Eurasian Lynx
Lynx lynx
(Linnaeus, 1758)
Scientific Classification
Kingdom Animalia
Phylum Chordata
Class Mammalia
Order Carnivora
Family Felidae
Genus Lynx
Species L. lynx
Conservation Status
(IUCN 3.1)
Least Concern

Lynx – the name lynx comes from the Greek word ‘to shine’, and may be in reference to the reflective ability of the cat’s eyes.

Eurasian Lynx is the largest of the lynxes. Adult males weight on average 21.6kg (47lb), while females are slightly smaller at 18.1 kg (40 Lb). The lynxes of eastern Siberia consistently reach the greatest size. The Eurasian lynx has relatively long legs, and large feet that provide a snowshoe effect, allowing for more effective travel through deep snow.

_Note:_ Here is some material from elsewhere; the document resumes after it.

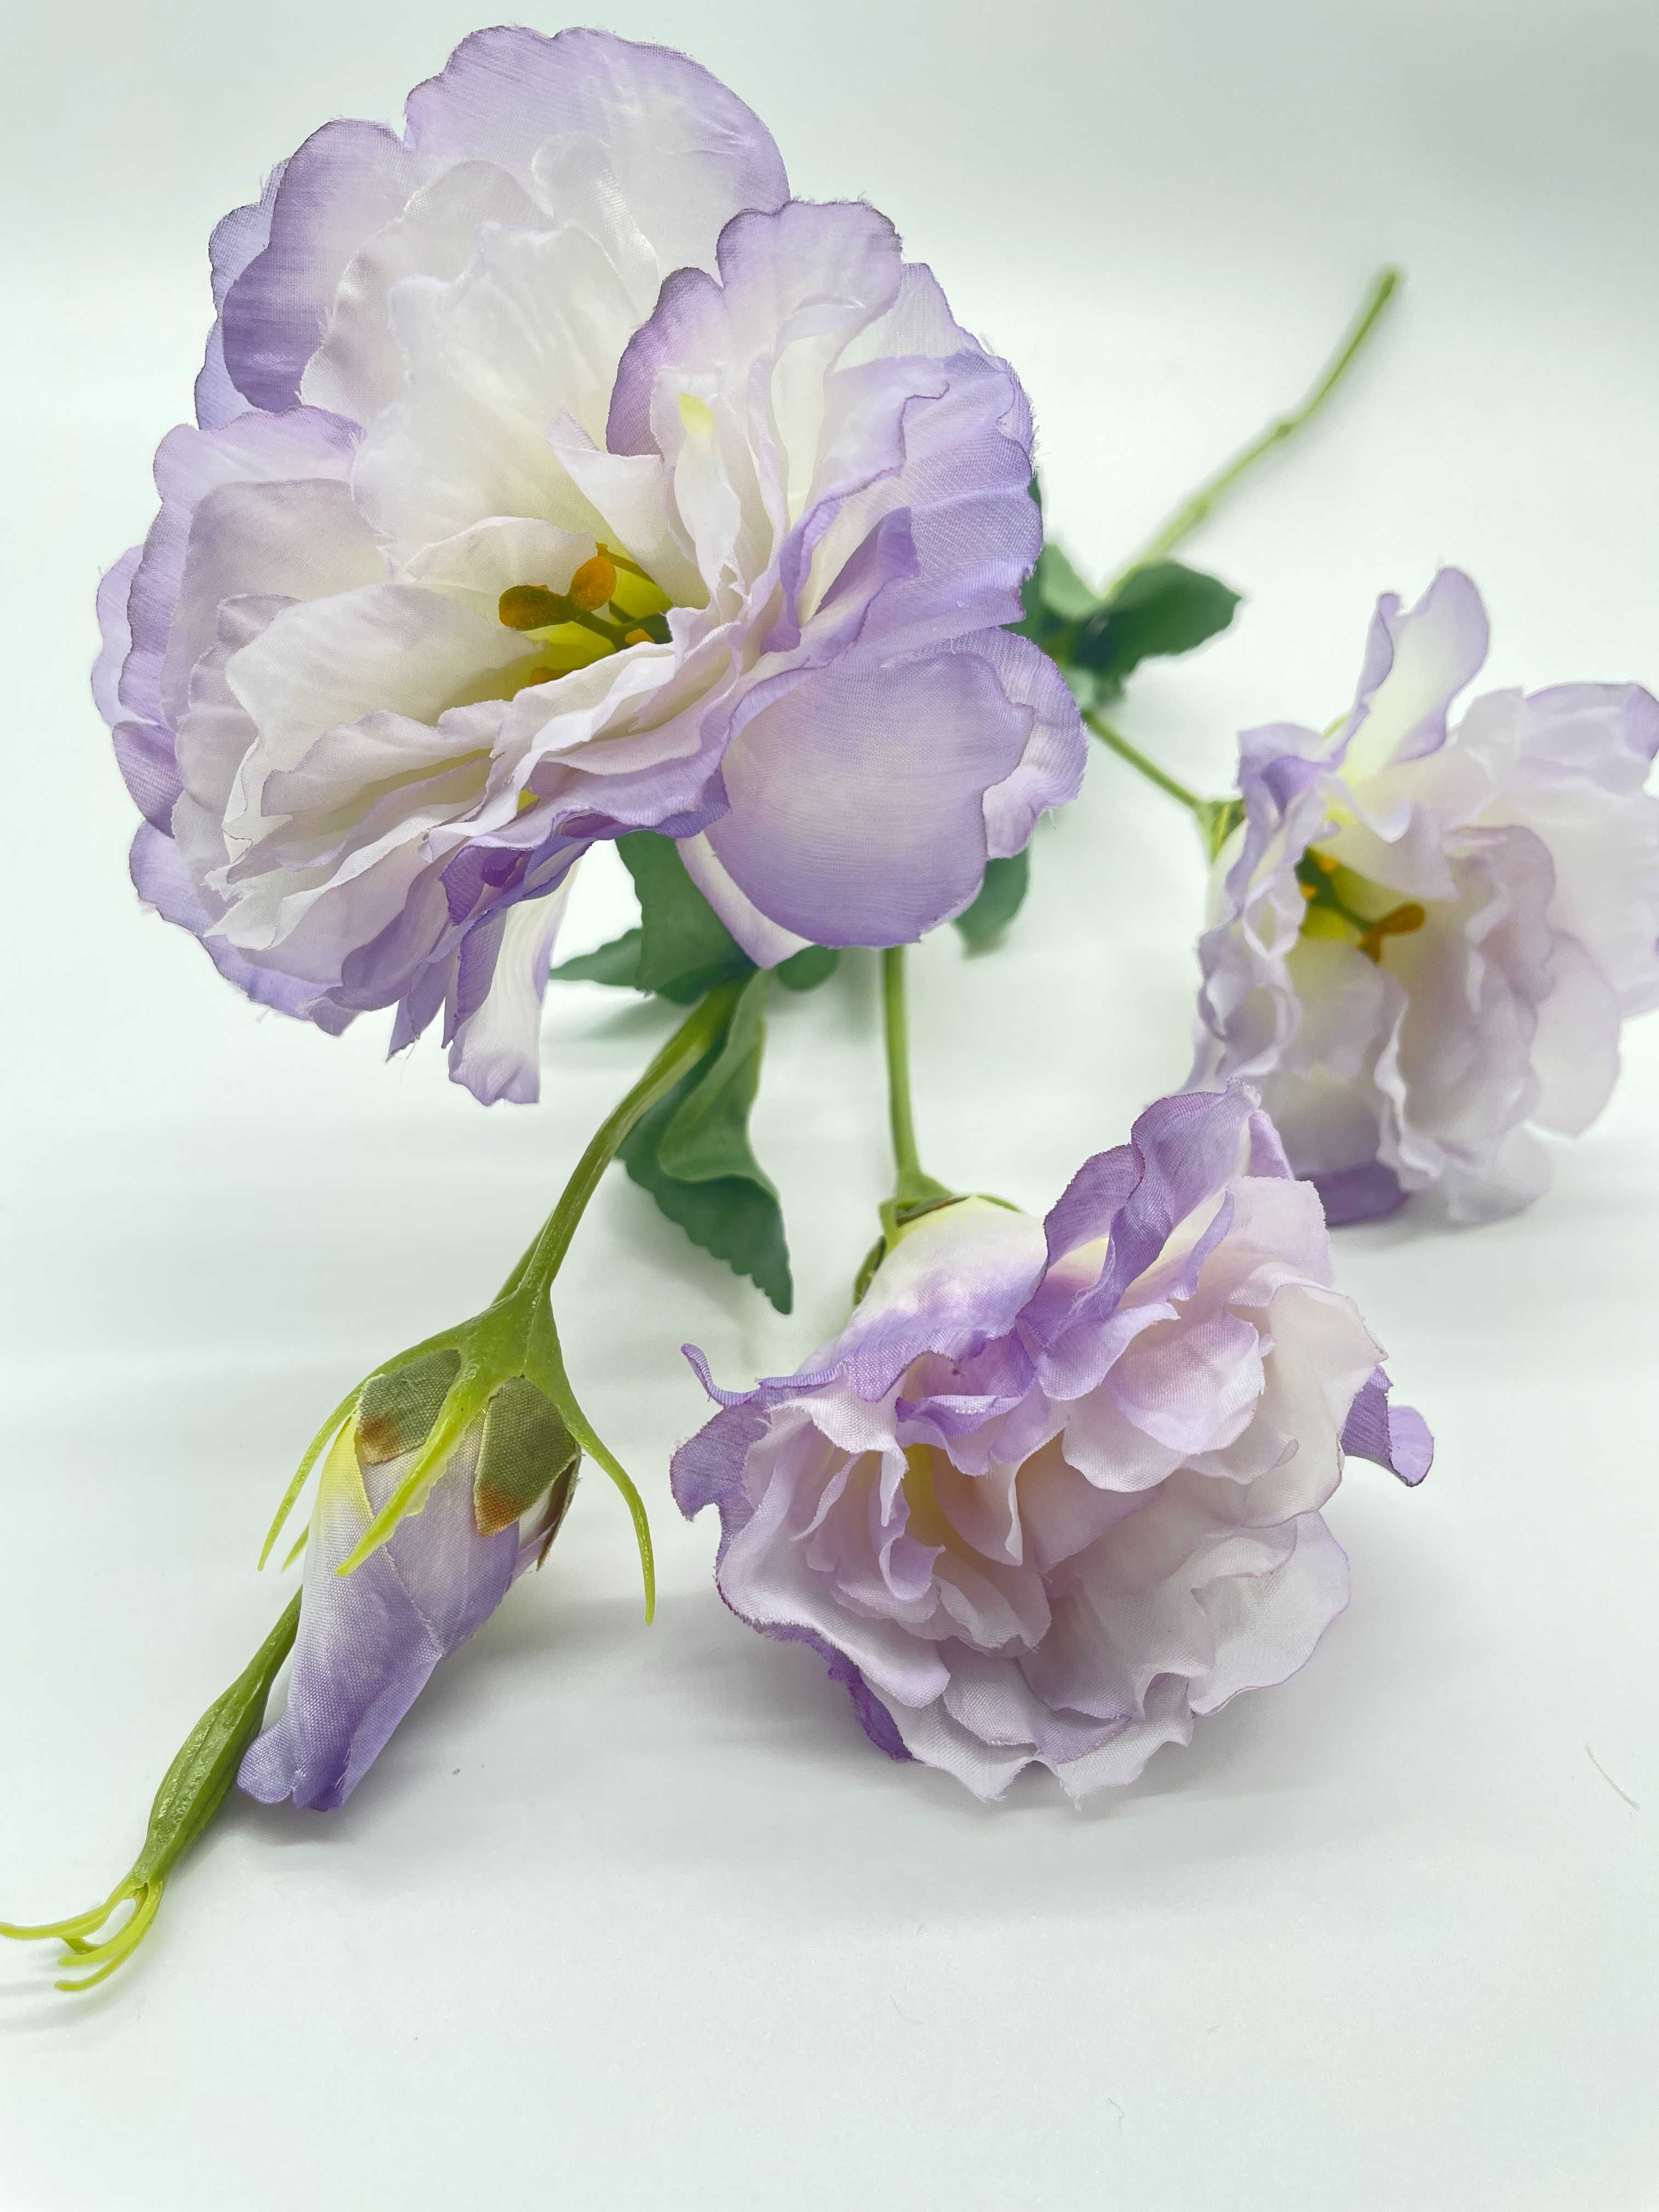 Eustoma Sztuczny Kwiat Wazon 68 cm Jasny Fiolet Gałązka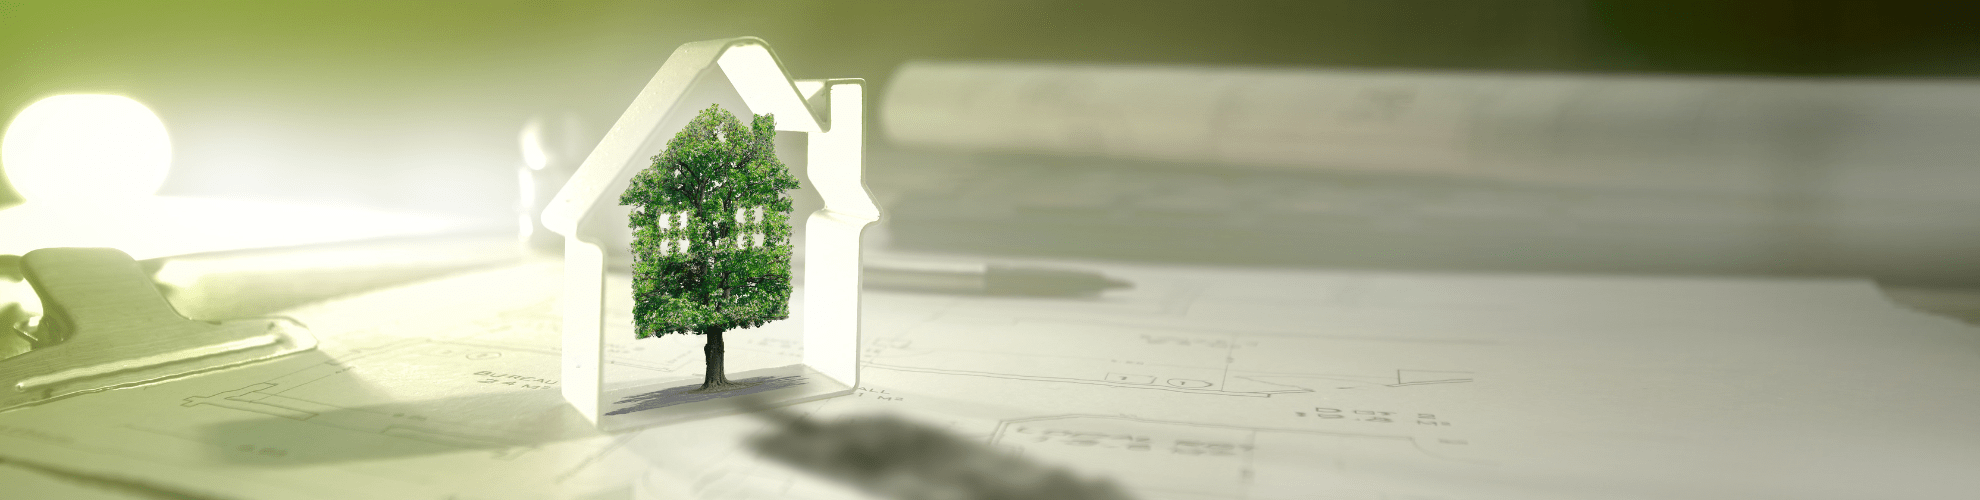 Riqualificazione immobiliare e case green

In winter, the fur grows heavily and protects the bottom of the feet. The coat is greyish, with tints varying from shades of rust to yellow. The life span of the Eurasian lynx is more than 20 years.


With one of the widest ranges of all cat species, Eurasian lynx prefer deciduous forest or old growth taiga and mixed woodlands, with plenty of undergrowth for cover. They are also found throughout the northern slopes of the Himalayas to an elevation 2,500m, alpine tundra, rocky areas above the tree line, the mountains of the central Asian desert region and the entire Tibetan plateau.


In some parts of their range, lynx prey mainly on large ungulate species, mostly females or the young, including red deer, reindeer, and argali. Lynx are capable of killing prey three to four times their own size.

Conservation StatusEdit

As a species, this lynx is not endangered, but in some parts it has become extremely rare and may not survive unless measures are taken to conserve it.